■ **Work instructions**: Locate "Portaali kirjeldatakse populaarses" in the listing. Transcribe the line that contains it and every line that follows, through the last, omitting all pictures.
━━━━━ Dataset content
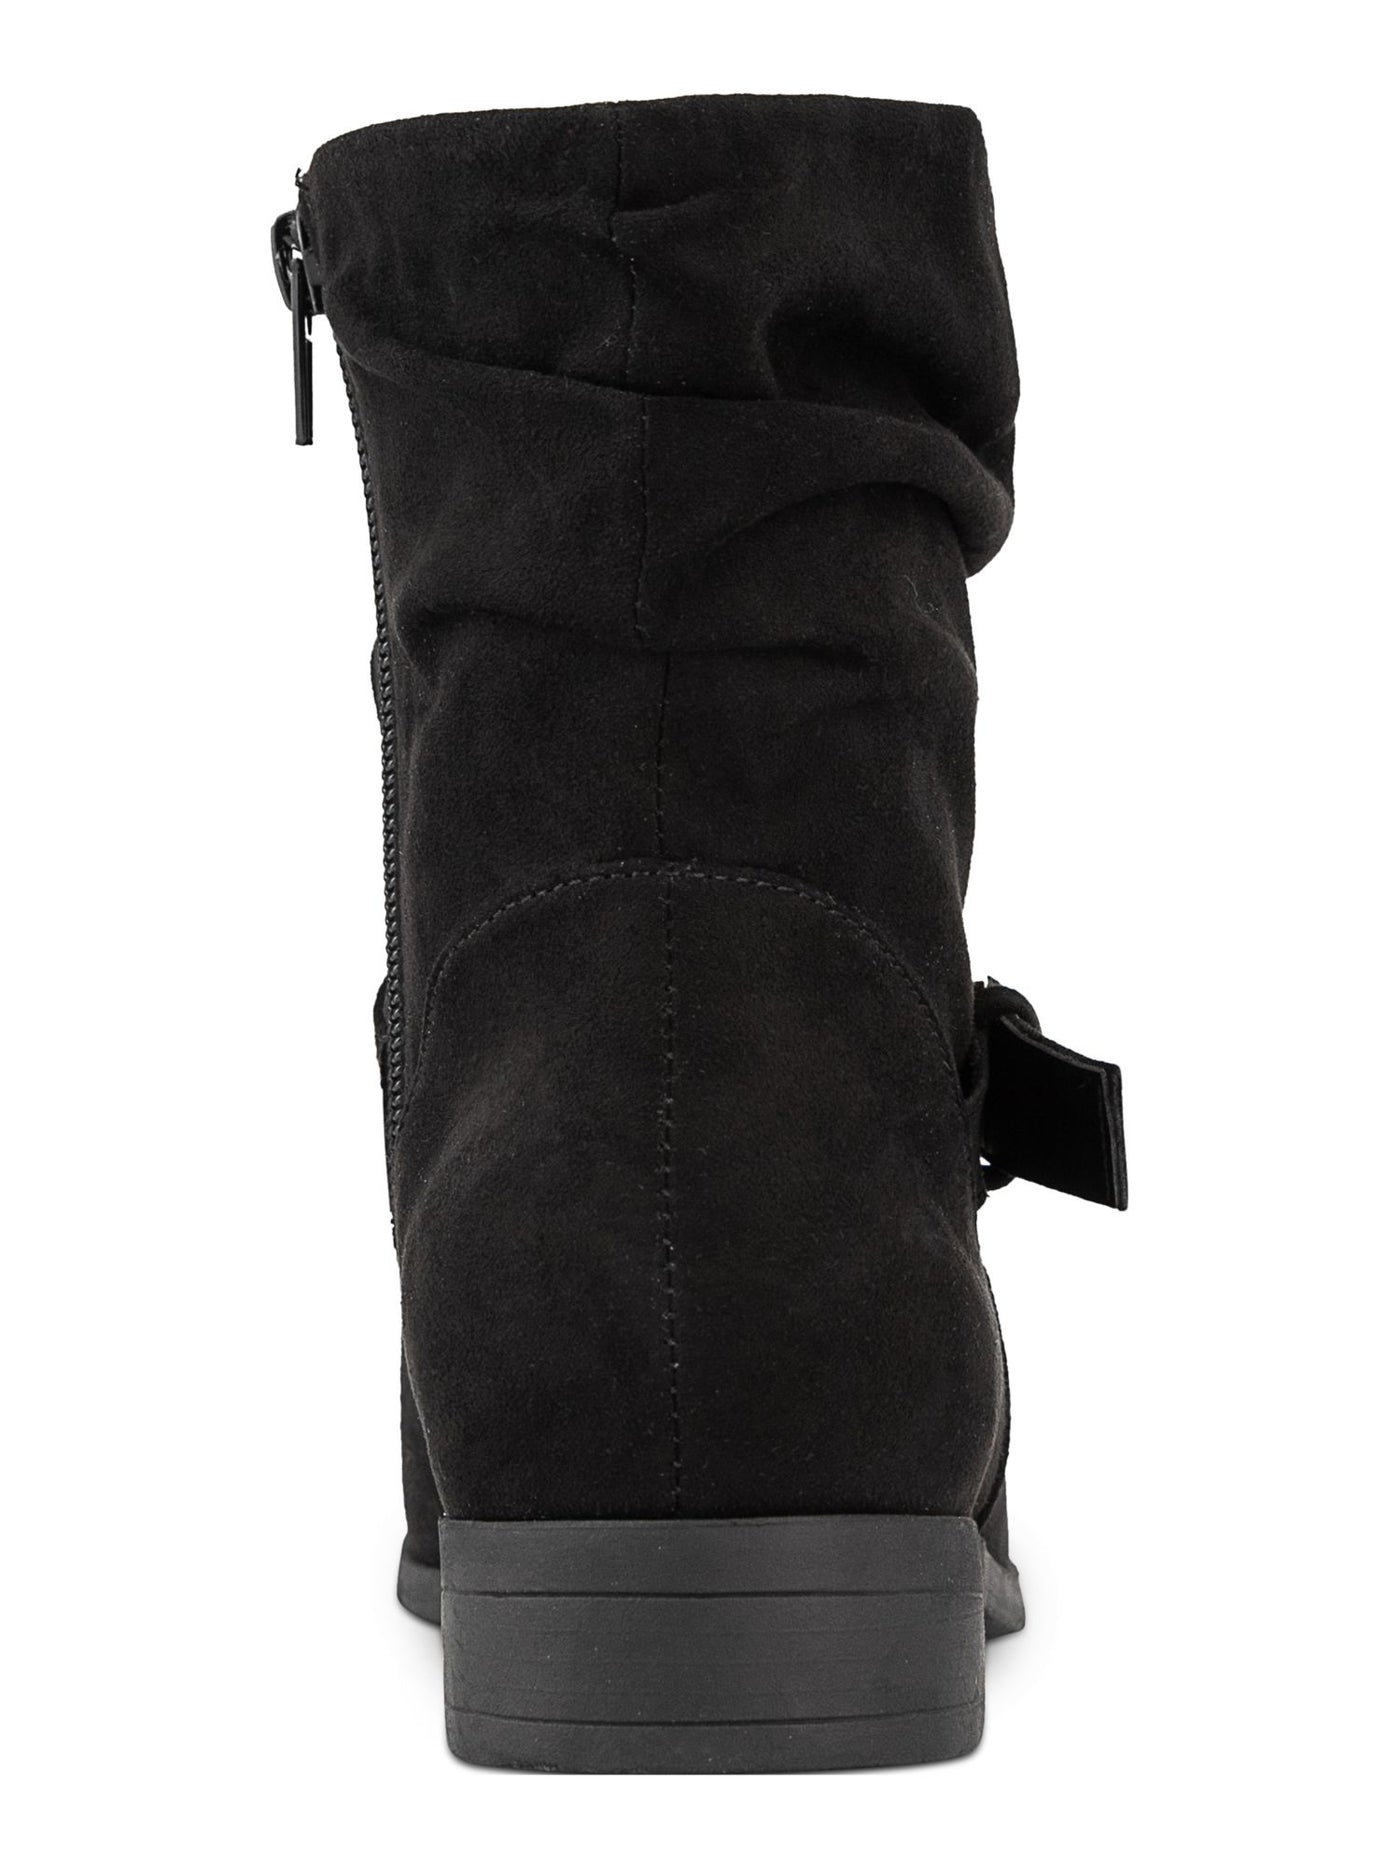 KAREN SCOTT Womens Black Buckle Accent Comfort Clarett Round Toe Block Heel Zip-Up Slouch Boot 11 M
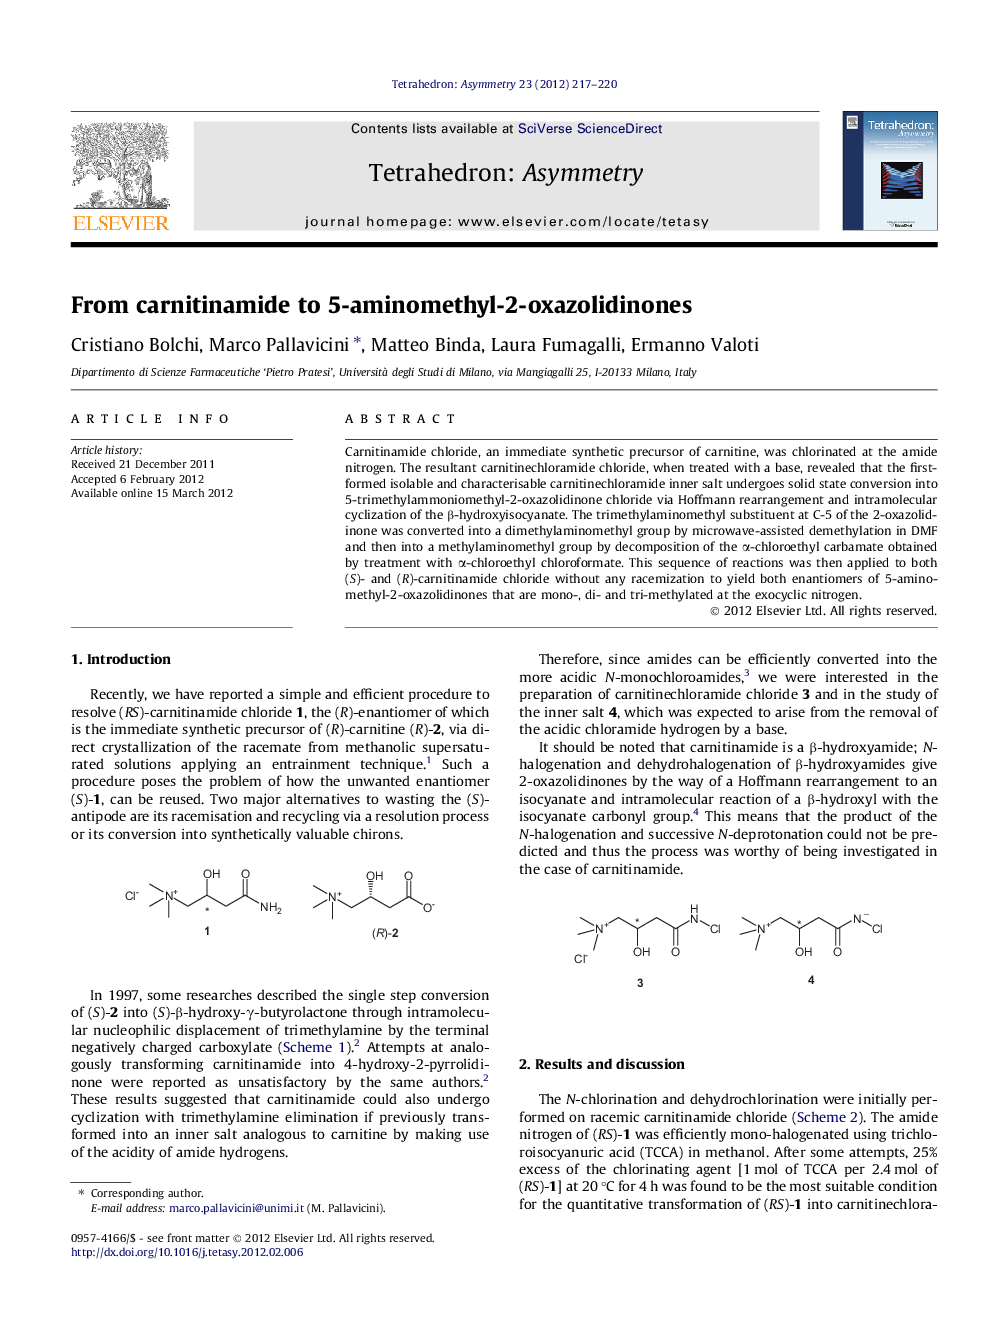 From carnitinamide to 5-aminomethyl-2-oxazolidinones
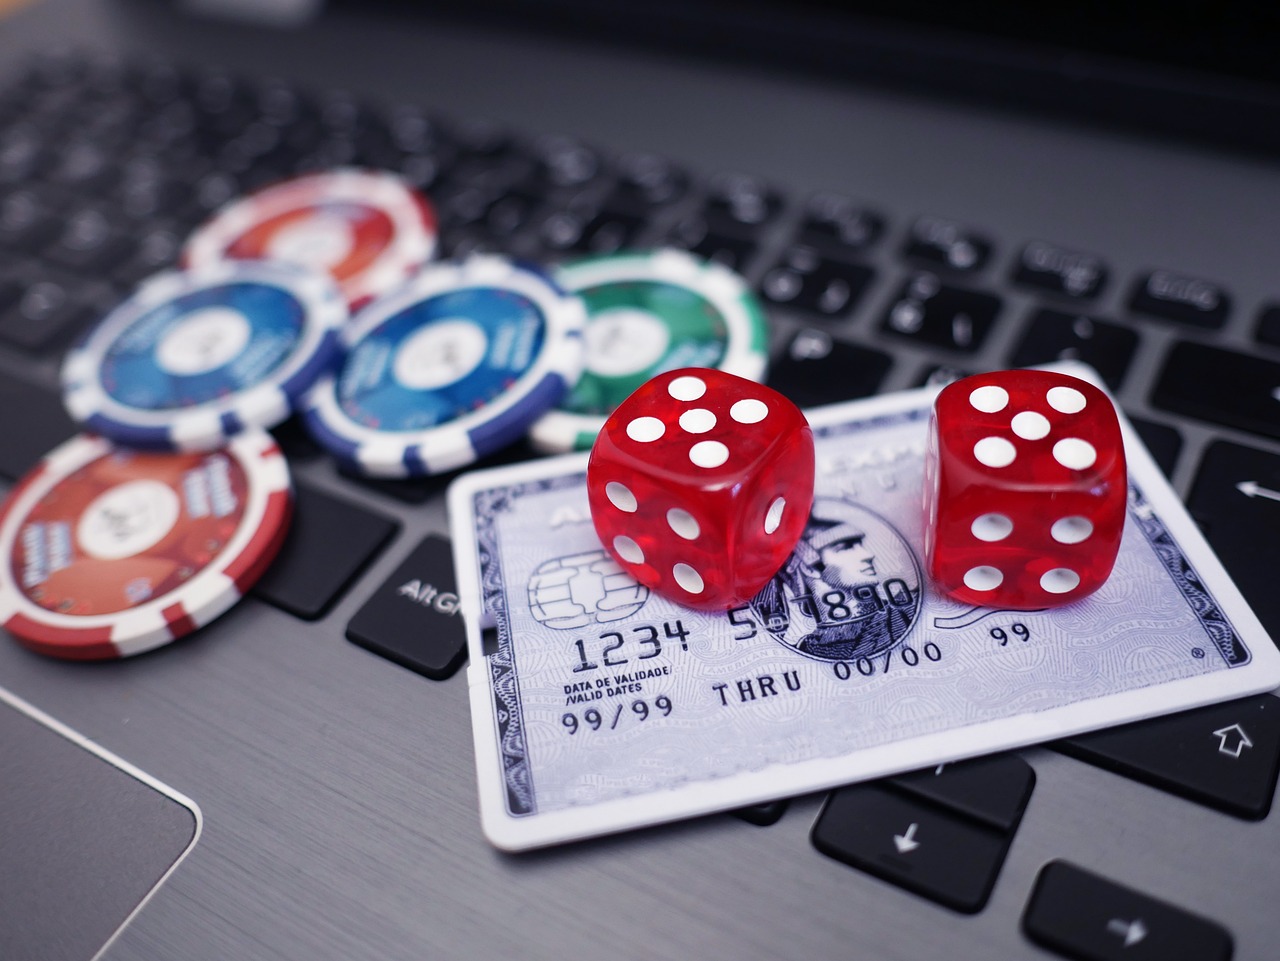 Portaali kirjeldatakse populaarses artiklis kasiino.
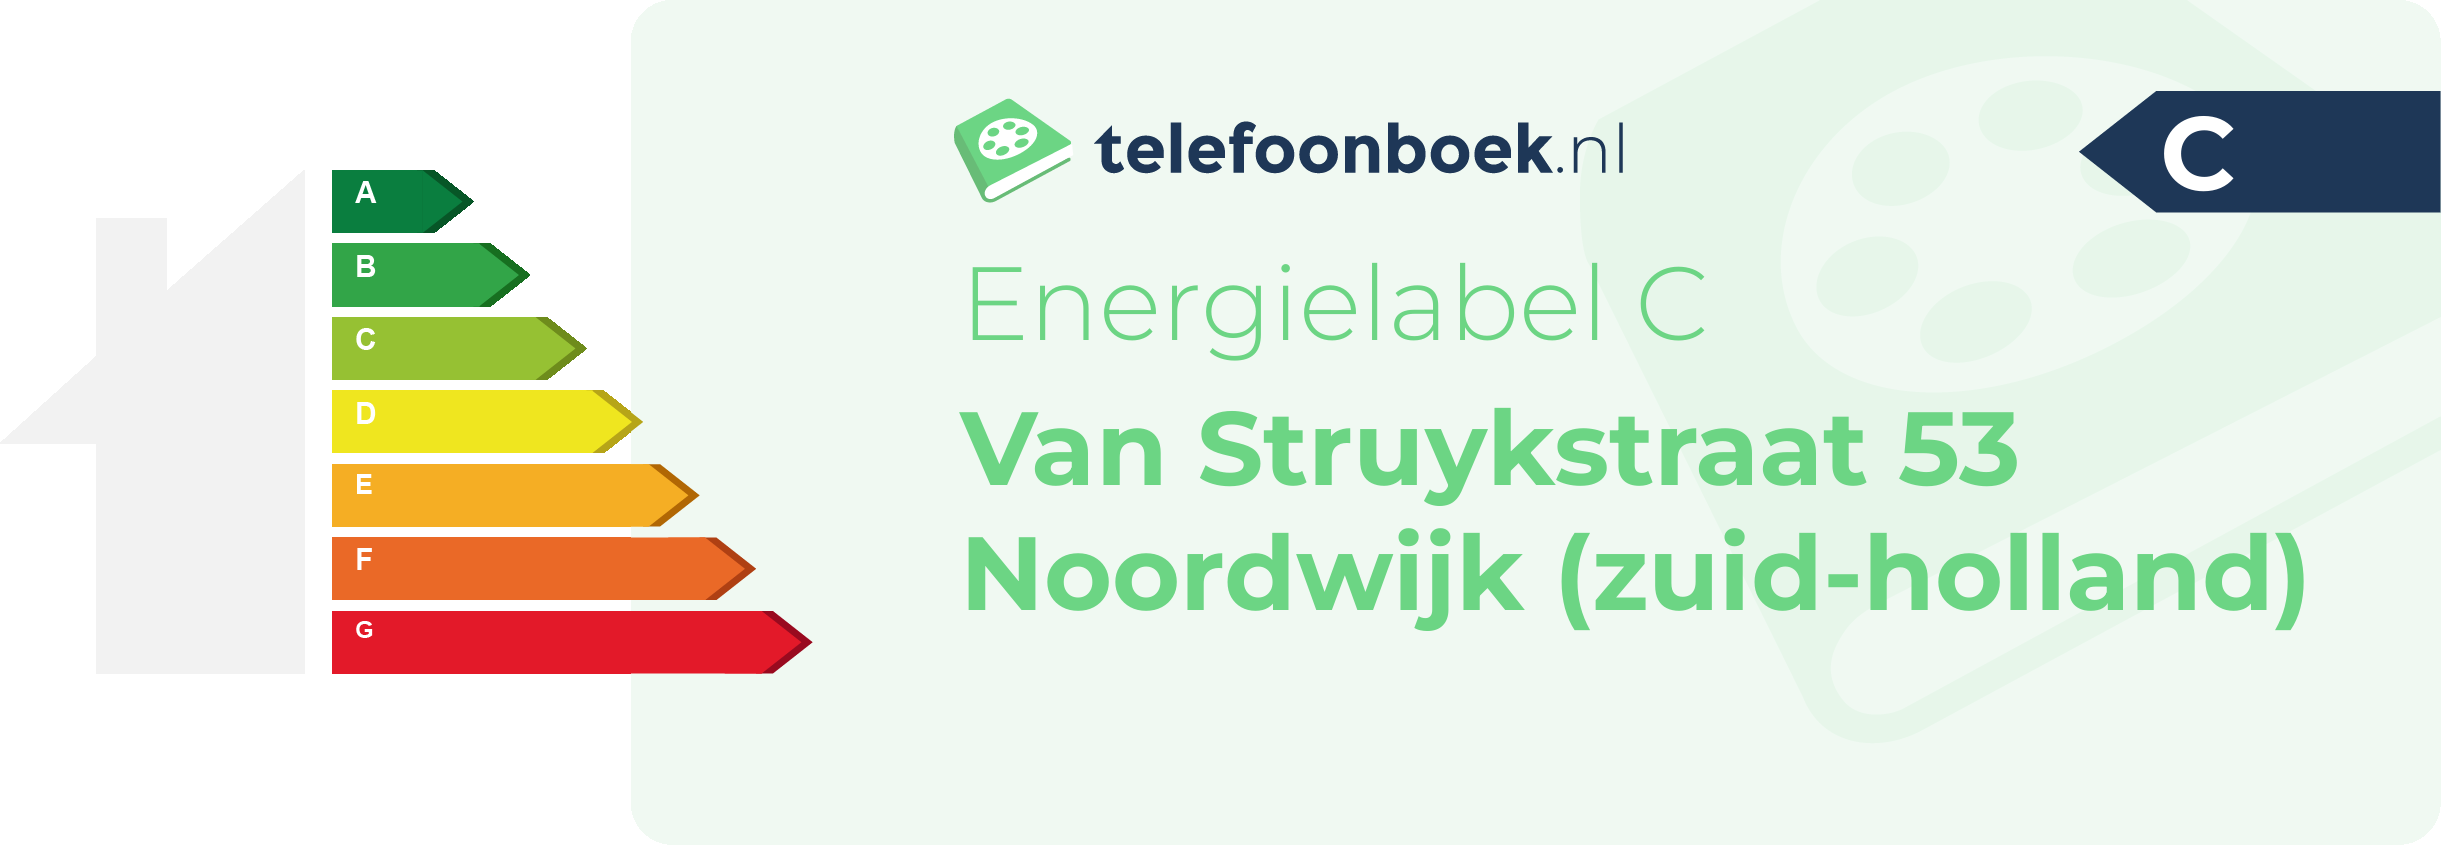 Energielabel Van Struykstraat 53 Noordwijk (Zuid-Holland)
━━━━━━━━━━
■ **Solution to this exercise**:
 Portaali kirjeldatakse populaarses artiklis kasiino.
 Energielabel Van Struykstraat 53 Noordwijk (Zuid-Holland)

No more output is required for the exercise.